In the prisoner's dilemma, the reward matrix is $$\begin{matrix}1,1 & 3,0 \\ 0,3 & 2,2\end{matrix}$$ there's a dominate strategy for both play, which is to betray. So in this case they both should choose to betray if the game is played only once.
What if the reward is modified as below such that there's no dominate strategy? $$\begin{matrix}1,1 & 3,0 \\ 0,3 & 4,4\end{matrix}$$ What should we do to maximize the expected reward?
You used very suggestive language there, which without more information, you don't have the 'right' to use yet! Your question hits at one of the most unsatisfying aspects of Nash Equilibrium (NE) which is that it often times doesn't really have terribly much content as a predictive theory. NE says, if, by grace of lady luck, we end up playing a pair of strategies that is indeed a NE, neither of us have incentive to unilaterally deviate. Critically, it makes use of the idea that this is only a 'good' thing to do conditional on the other player using some fixed strategy.
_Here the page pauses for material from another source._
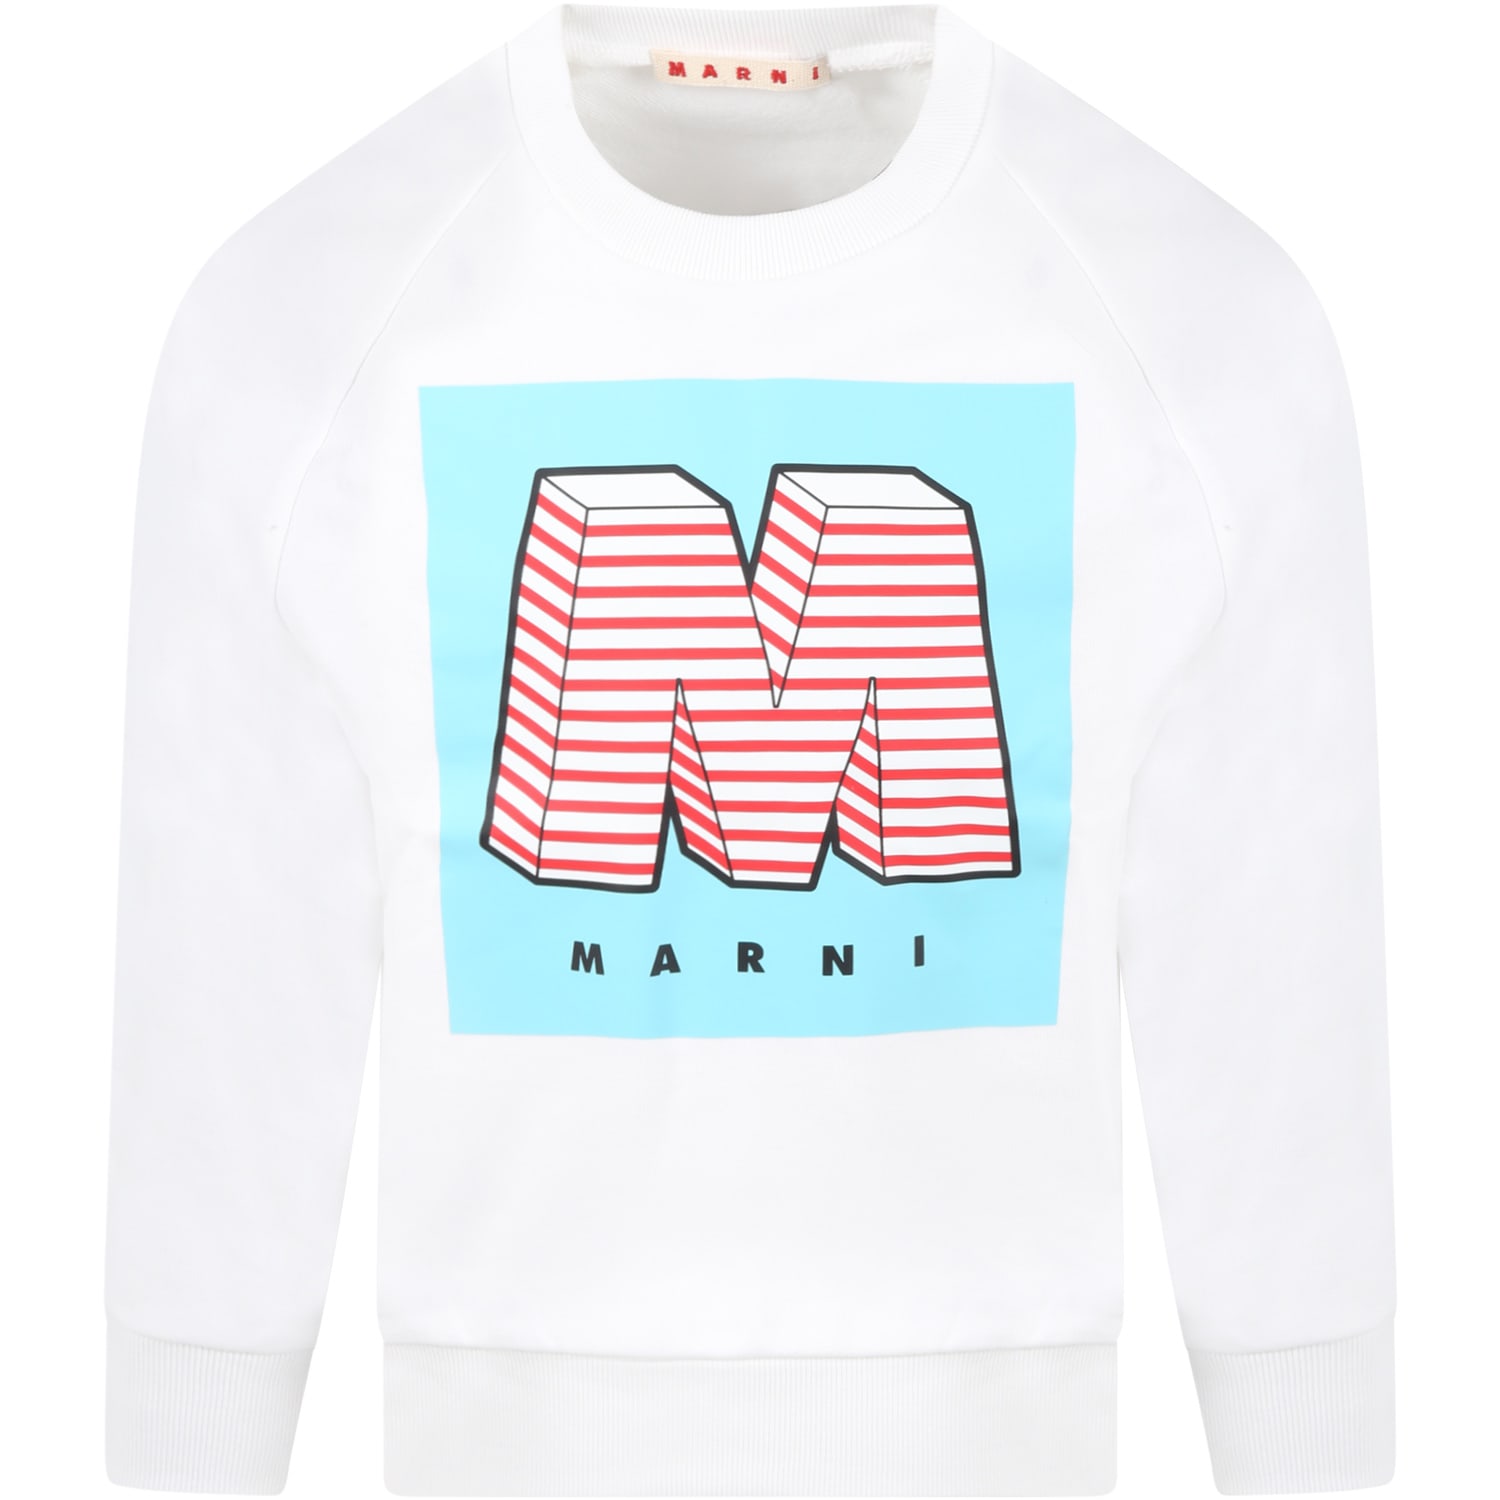 Marni White Sweatshirt For Kids With Logo

In your question, you talked about maximizing expected reward. Now expectations of any sort aren't well-defined without some prior distribution over your opponent's strategies: the relative likelihoods you ascribe to them doing a given thing. If you were given such a set of beliefs, this would be a straight forward calculation. But this is a different problem now than what NE seeks to solve. NE just says, absent any sort of prior beliefs, what pairs of outcomes are stable.